Hersteller der umstrittenen Adventskalender machen Rabatz

In der letzten Novemberwoche 2012 veröffentlichte die Stiftung Warentest einen Bericht, nach dem eine ganze Palette von Adventskalendern für Kinder mit Schokoladenfüllung mit Schadstoffen belastet sein sollte. Gleichzeitig wurde eine Warnung vor dem Kauf der Produkte und dem Verzehr der Schokolade herausgegeben. Das betraf auch die großen Marken wie Hachez, Lindt, Riegelein, Feodora und Arko, um nur einige stellvertretend zu nennen.

Verdacht der Gefährdung konnte nicht bestätigt werden

Die Verbraucher wurden nicht nur durch die Warnungen der Stiftung Warentest, sondern auch die sofortige Reaktion des Verbraucherschutzministeriums des Bundes verunsichert. Der Branchenverband der Süßwarenhersteller hatte zeitgleich betont, dass von den Adventskalendern keine gesundheitlichen Gefahren ausgingen. Das mussten inzwischen auch die führenden Köpfe der Stiftung Warentest einräumen, wobei sie allerdings die Formulierung „kein akutes gesundheitliches Risiko“ benutzten.
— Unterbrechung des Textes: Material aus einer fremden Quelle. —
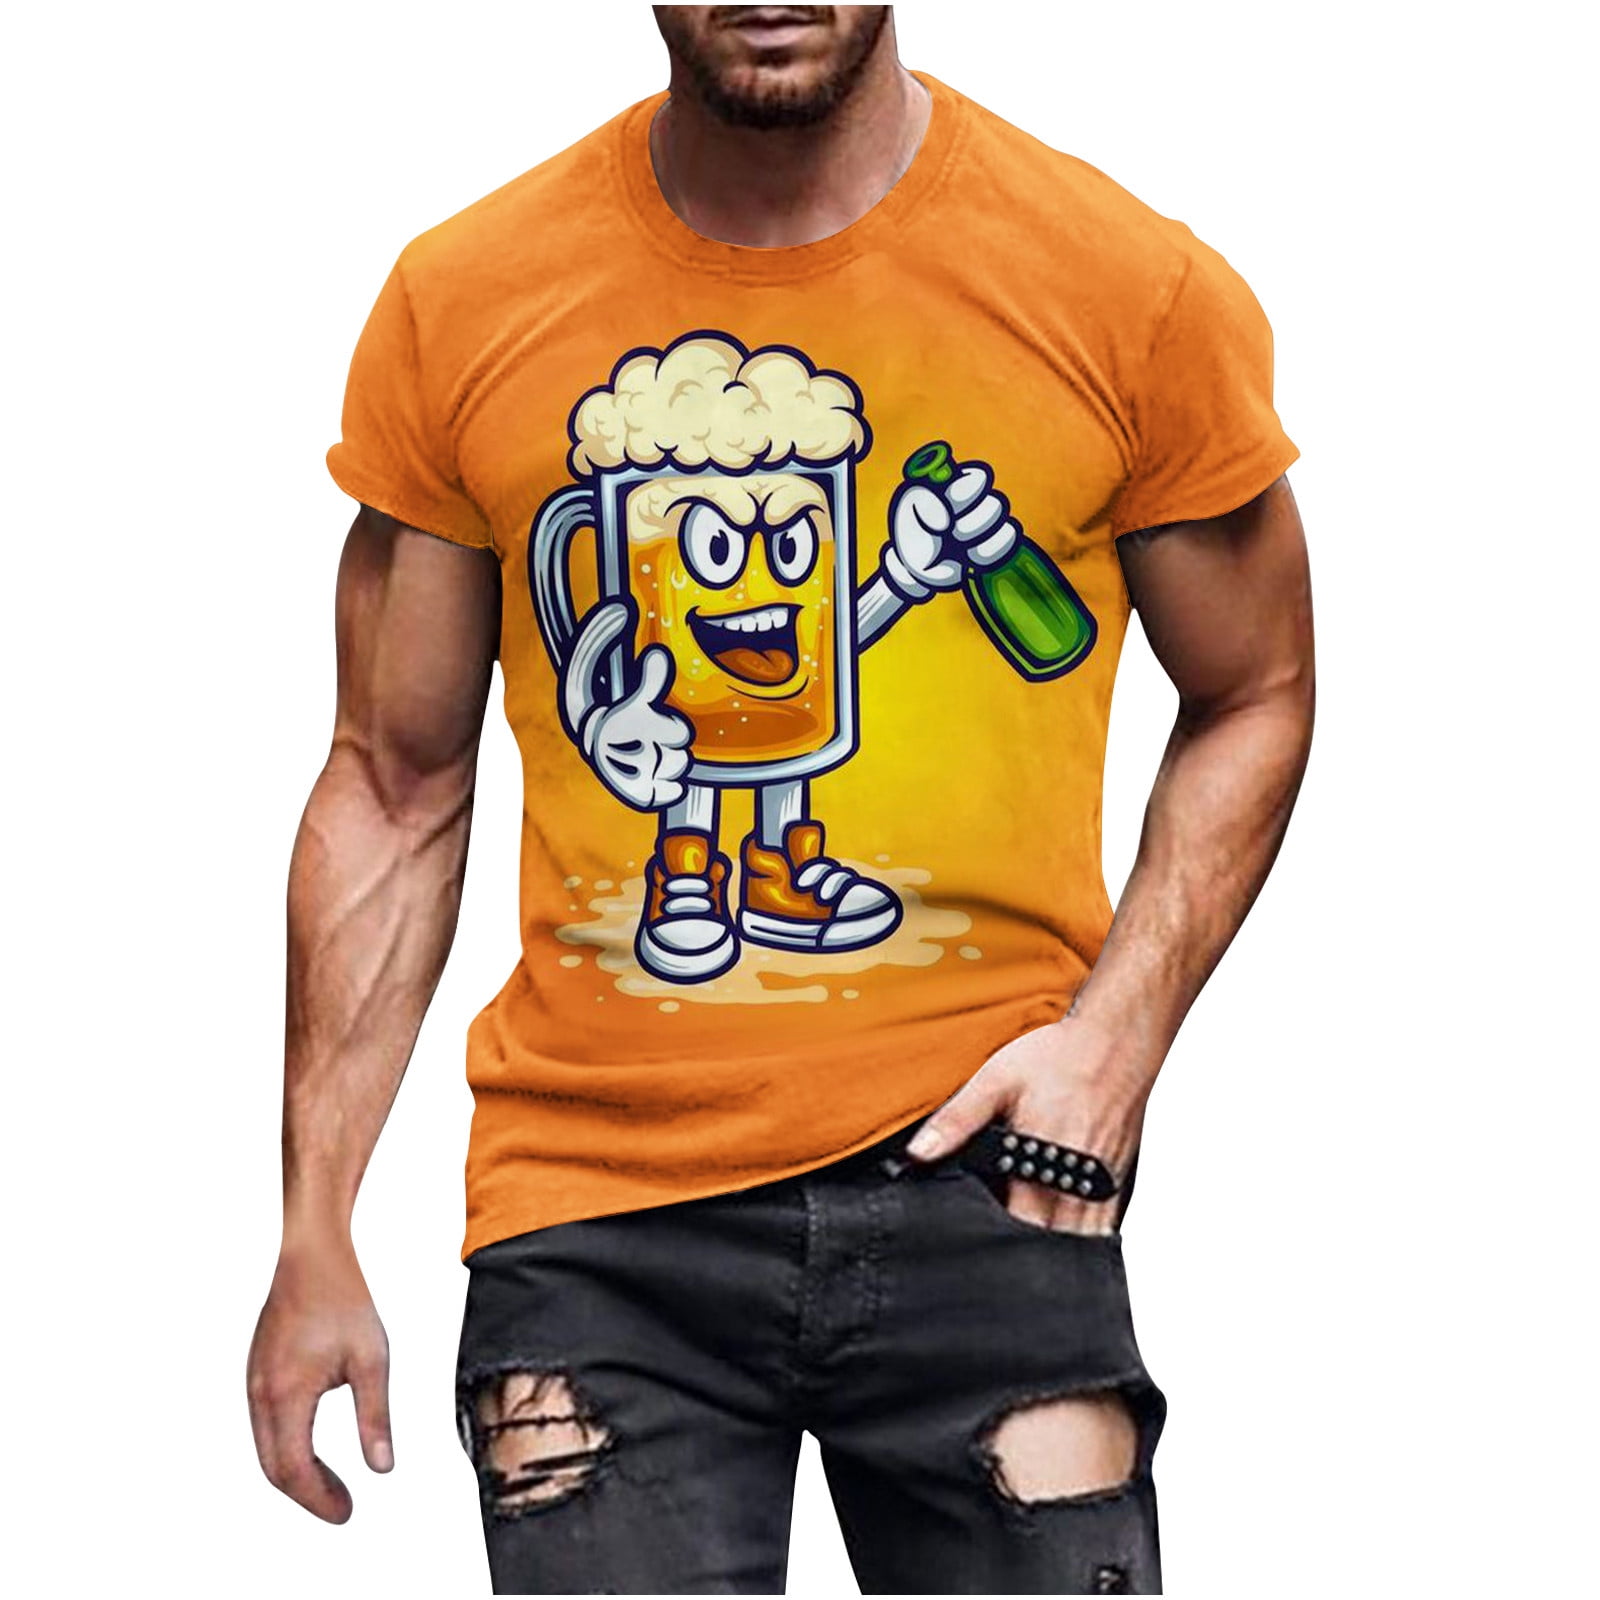 VSSSJ Mens New Fashion Casual Round Neck Pullover Tees Relaxed Fit 3D Beer  Digital Print Short Sleeve Shirts Leisure Athletic Workout T-Shirt Yellow  XXXXXL

Die möglichen Folgen der übertriebenen Warnungen

Verunsicherte Verbraucher kaufen nicht. Und genau das bekamen die Hersteller der Adventskalender zu spüren. Der dramatische Absatzeinbruch soll einen Millionenschaden verursacht haben, ist aus den Kreisen des Branchenverbands zu hören. Den wollen sich die betroffenen Hersteller freilich nicht gefallen lassen. Im Moment finden Gespräche statt, wer sich bei einer Schadenersatzklage gegen die Stiftung Warentest „vor den Karren spannen“ wird. Zwei Hersteller sollen sich angeblich schon gefunden haben. Offiziell bestätigt ist das bisher noch nicht. Stiftung Warentest reagierte mit einer üblichen Floskel, dass man „einem Recht sehr gelassen entgegensehen“ würde, und betont, dass man im Wiederholungsfall genauso wieder reagieren würde.